Shares of Robin Hood, a popular securities firm for fee-free trading among millennials, surged again on Wednesday, soaring to a temporary suspension of trading three times in the first 30 minutes of trading.
With less than an hour of trading time remaining, online brokers have already accelerated a fierce weekly rise to $ 69.39, up 48% at 1:45 pm. Previously, stock prices temporarily rose 81% to $ 85 per share. Last week’s comeback was far more remarkable.Share price when it fell 8.4% from the initial price of $ 38 on Thursday.
Experts warned that Robin Hood’s stock may be more jagged than other Wall Street stocks because it’s so popular with small investors prior to its initial public offering. ..
Robin Hood has booked a larger chunk of IPO stock for small investors. This fits into the mission of “financial democratization.” The company introduced a new generation of young and novice investors to the stock market thanks to zero transaction fees and an easy-to-use app. However, the move has also reduced stocks given to large institutional investors who are reputed to be long-term stable stockholders.
The controversial company enjoys some well-known support, including the purchase of shares by starstock picker Cathie Wood, who focuses on innovative companies.
Her flagship ARK Innovation Exchange Traded Fund owns nearly 4.9 million shares, making Robin Hood the 29th largest shareholding in the fund. The fund’s total assets are approximately $ 25.5 billion.
Beyond that, analysts knew the explanation for the stock surge.For some, it’s reminiscent of GameStop and other explosive moves.
These stocks have skyrocketed to a height that professional investors consider unreasonable. Many were beaten in the midst of a turnaround, and they caught a wave of interest from small investors who spit on each other online.
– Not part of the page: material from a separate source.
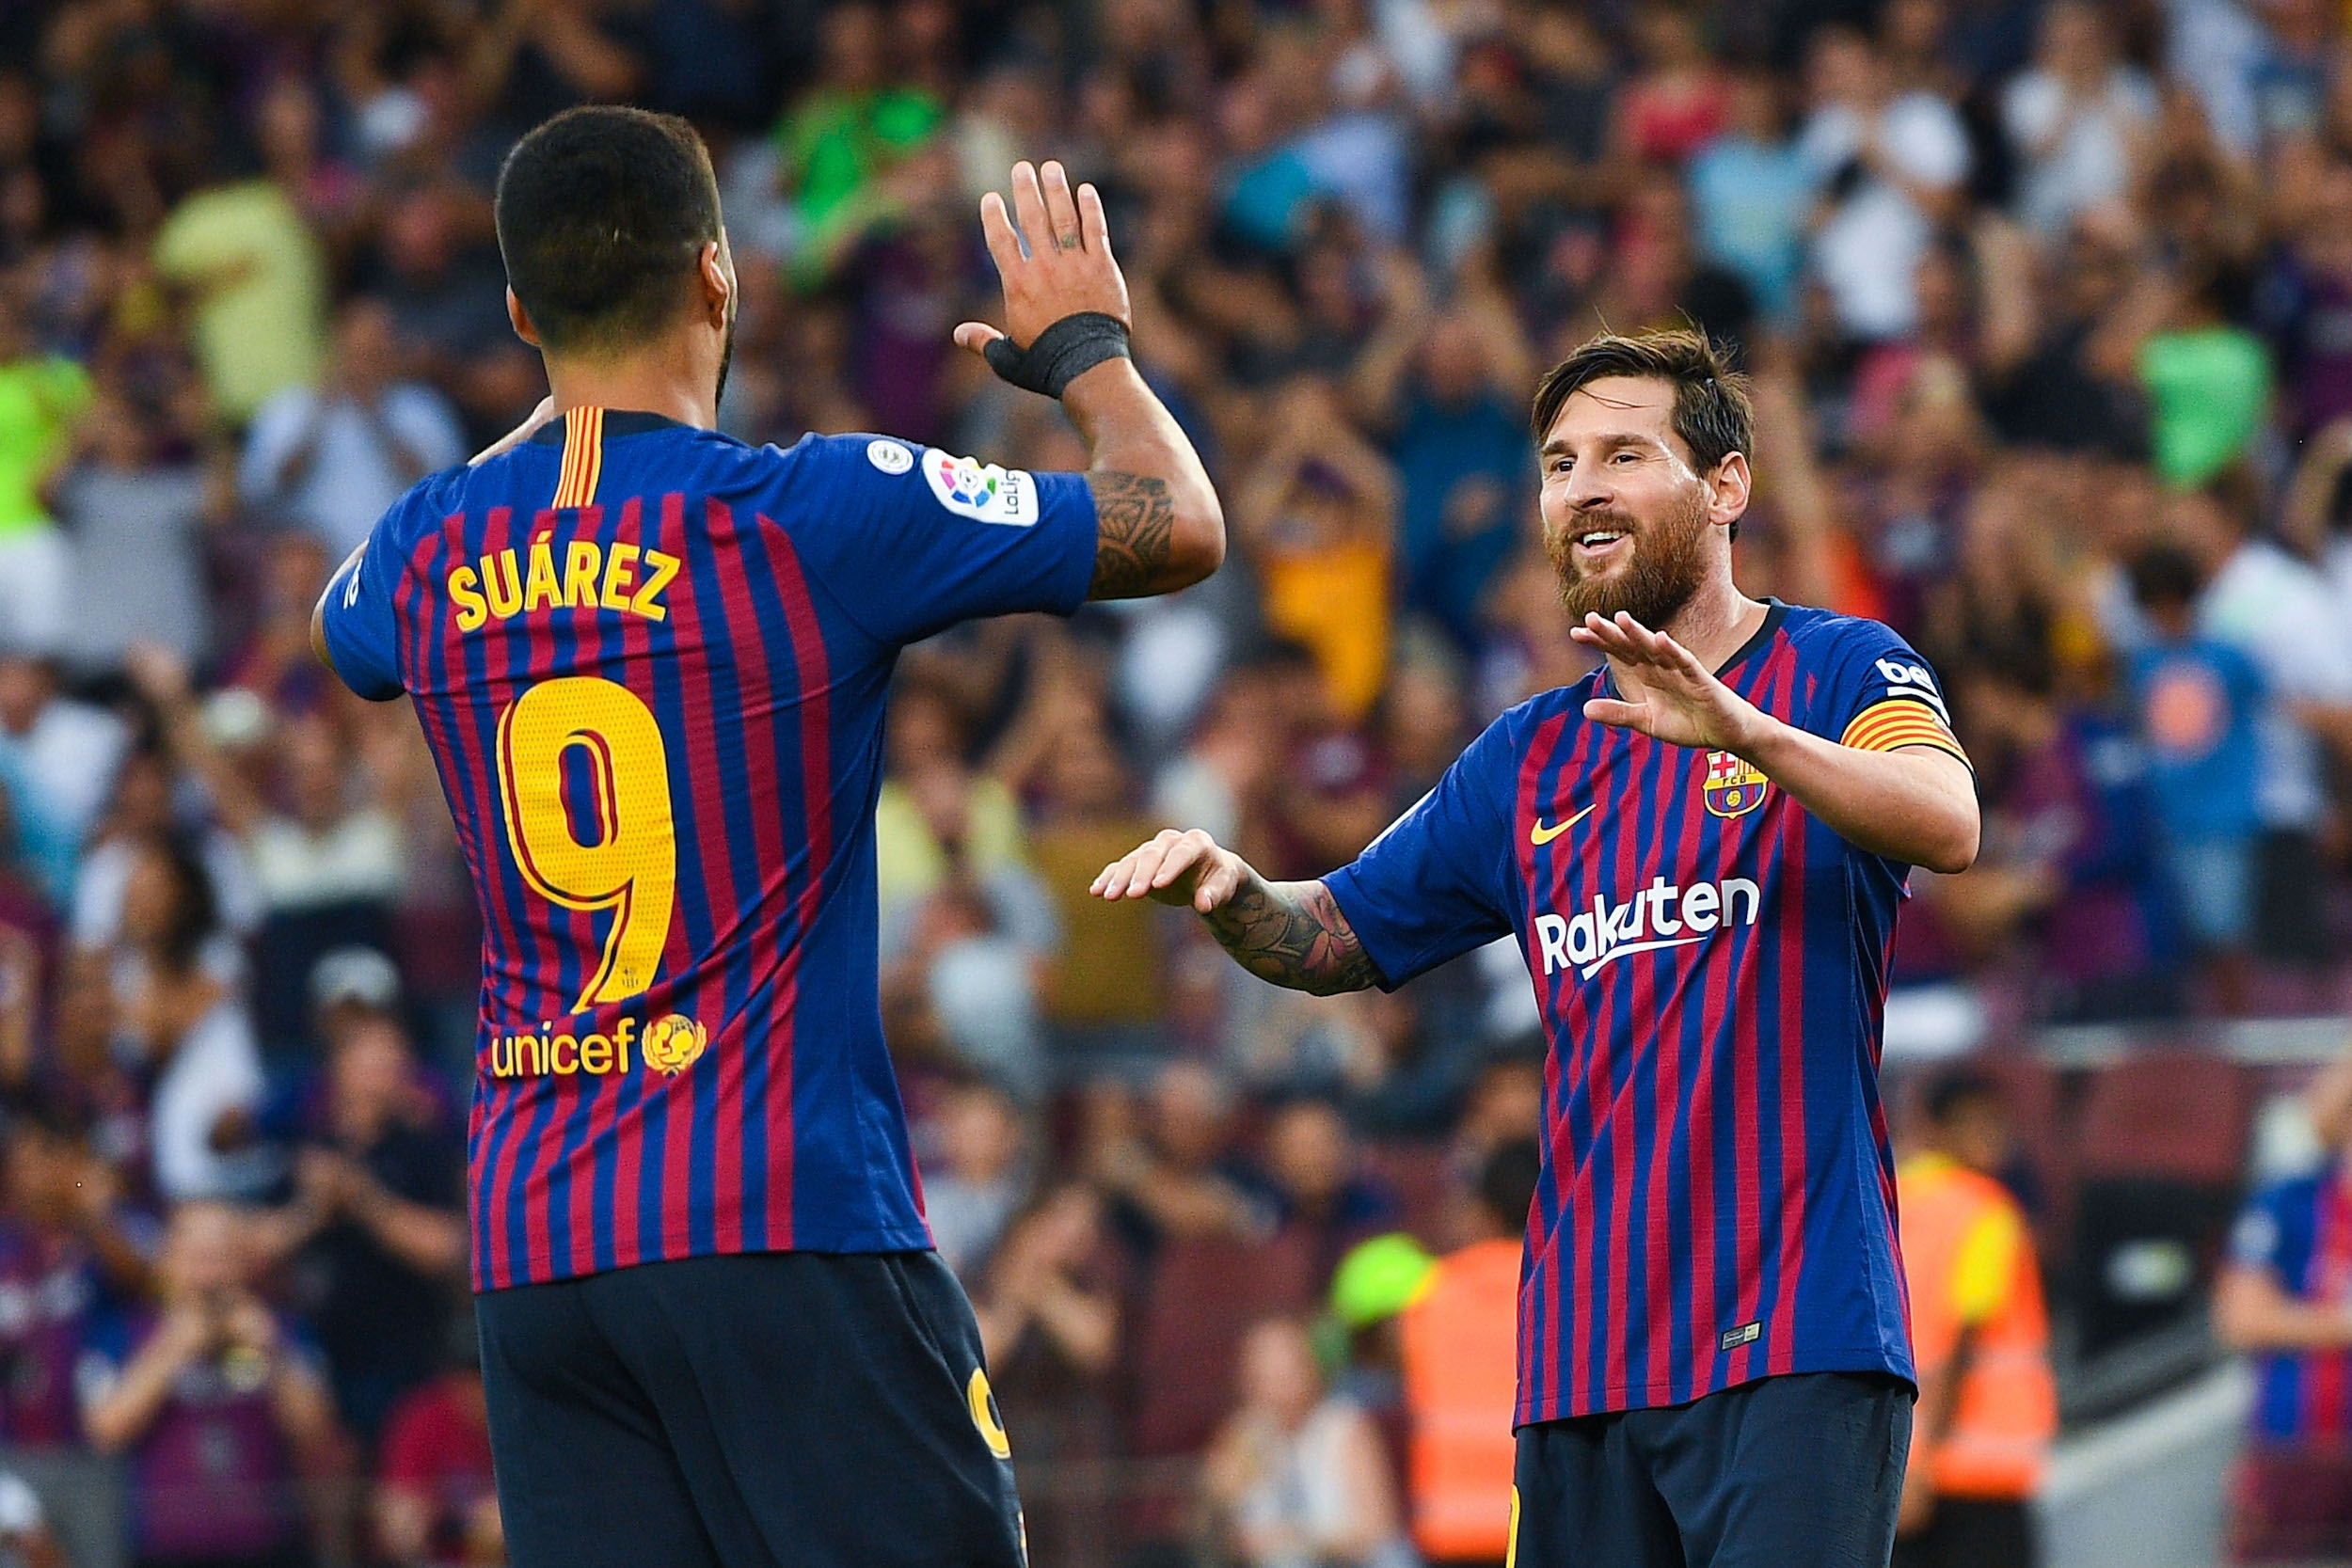 Шампионът Барселона е клубът с най-много чужденци в първия си

Robin Hood has generated a lot of passion between users and critics, and the polarization effect has been demonstrated in its wild, short time on Wall Street. After opening at $ 38 last week, it has fallen to $ 34.82. It has more than doubled in less than four days.
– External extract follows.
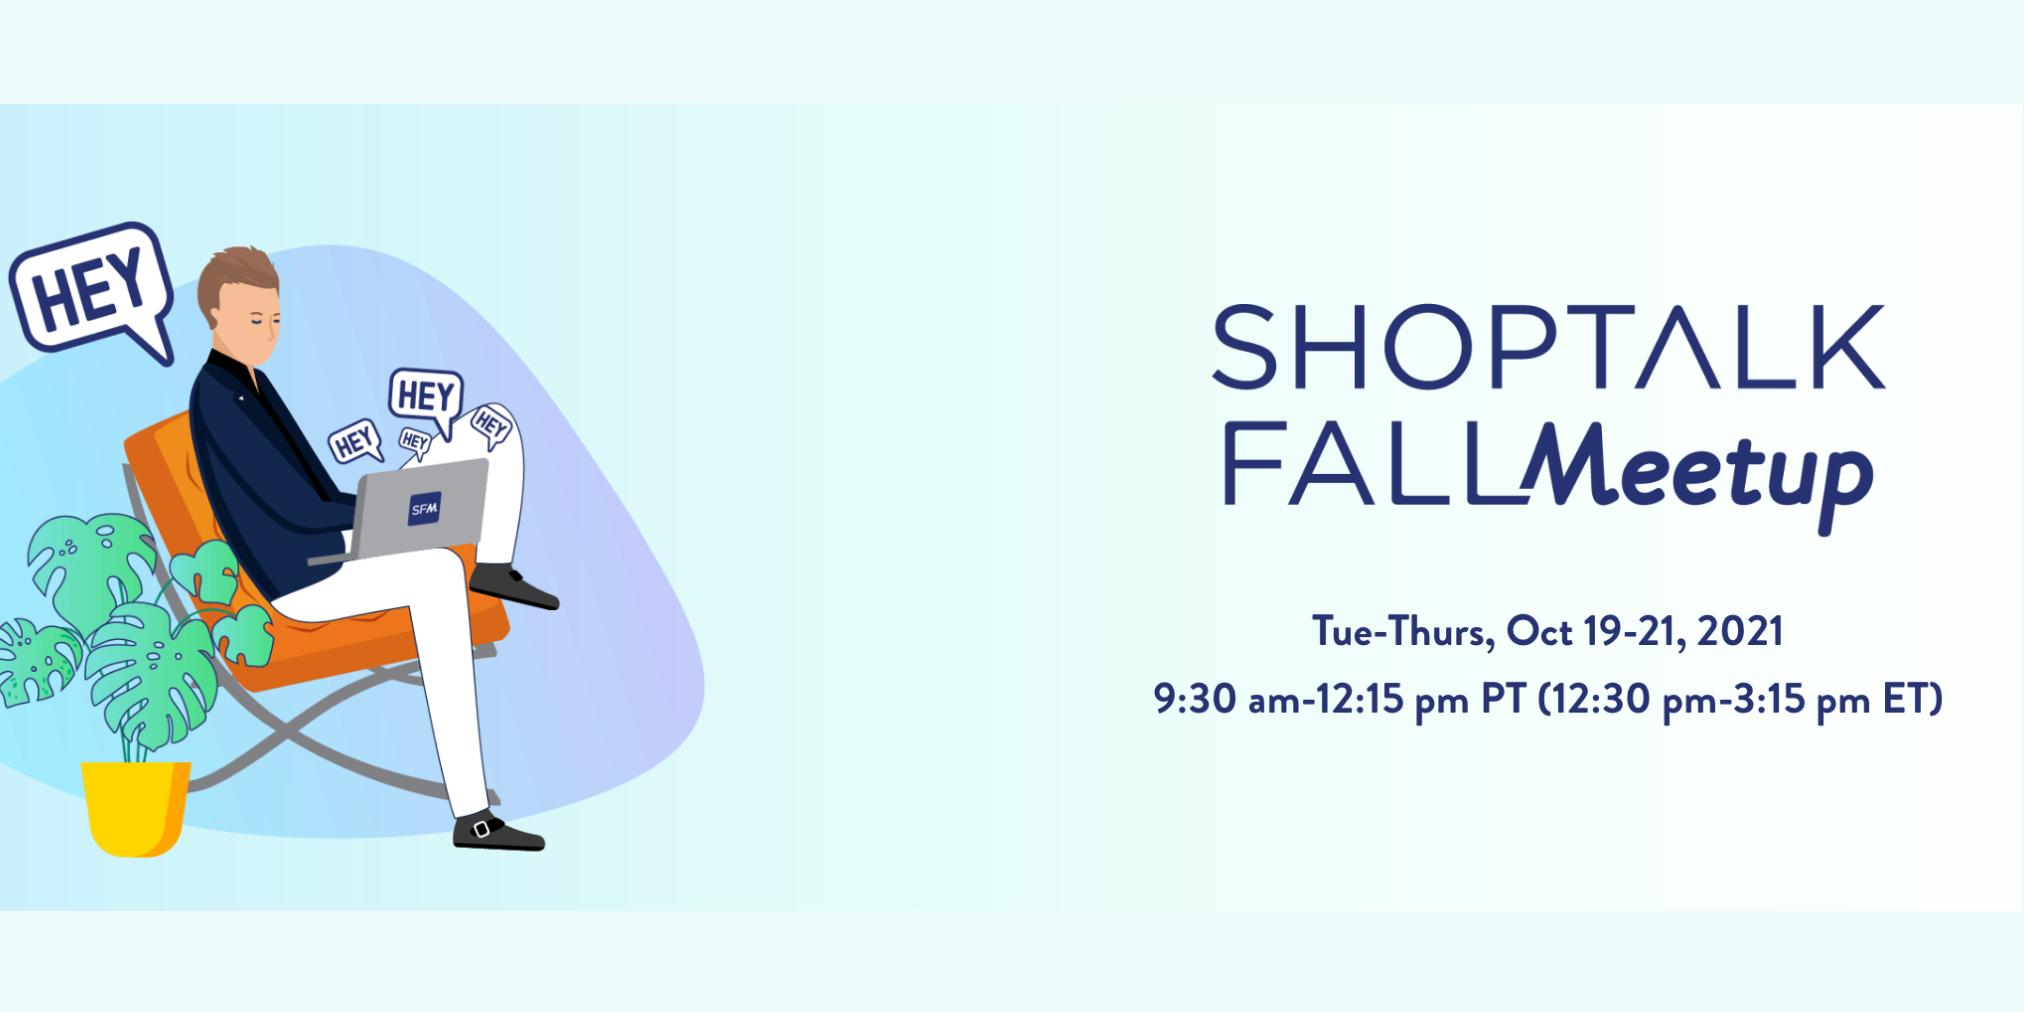 Shoptalk-Fall-Meetup

“I hate Robin Hood, but I made $ 1,000 in 20 minutes,” said one user., The explosive central hub of this year’s meme stock.
The company has already achieved the strong growth that Wall Street claims. Revenue was $ 959 million, up 245% last year. Robin Hood has put together an estimated 22.5 million funding accounts since its inception in 2013, as clients trade everything from stocks to options to cryptocurrencies.
However, Robin Hood also paid more than $ 130 million to resolve a long list of regulatory accusations. Critics say Robin Hood encourages unsophisticated investors to engage in excessive and risky transactions, and regulator scrutiny remains likely to be high.
December, SECBecause it doesn’t properly disclose how it makes money, and it doesn’t always give its clients the best execution price for their stock trading. Robin Hood paid $ 65 million to settle the indictment, but did not officially admit that it had done anything wrong.
June 2020,He falsely believed that he had lost nearly $ 750,000 in a dangerous deal he made in Robin Hood. His parents later filed a proceeding against Robin Hood for tort, distress due to the negligence of mental distress, and unfair business practices.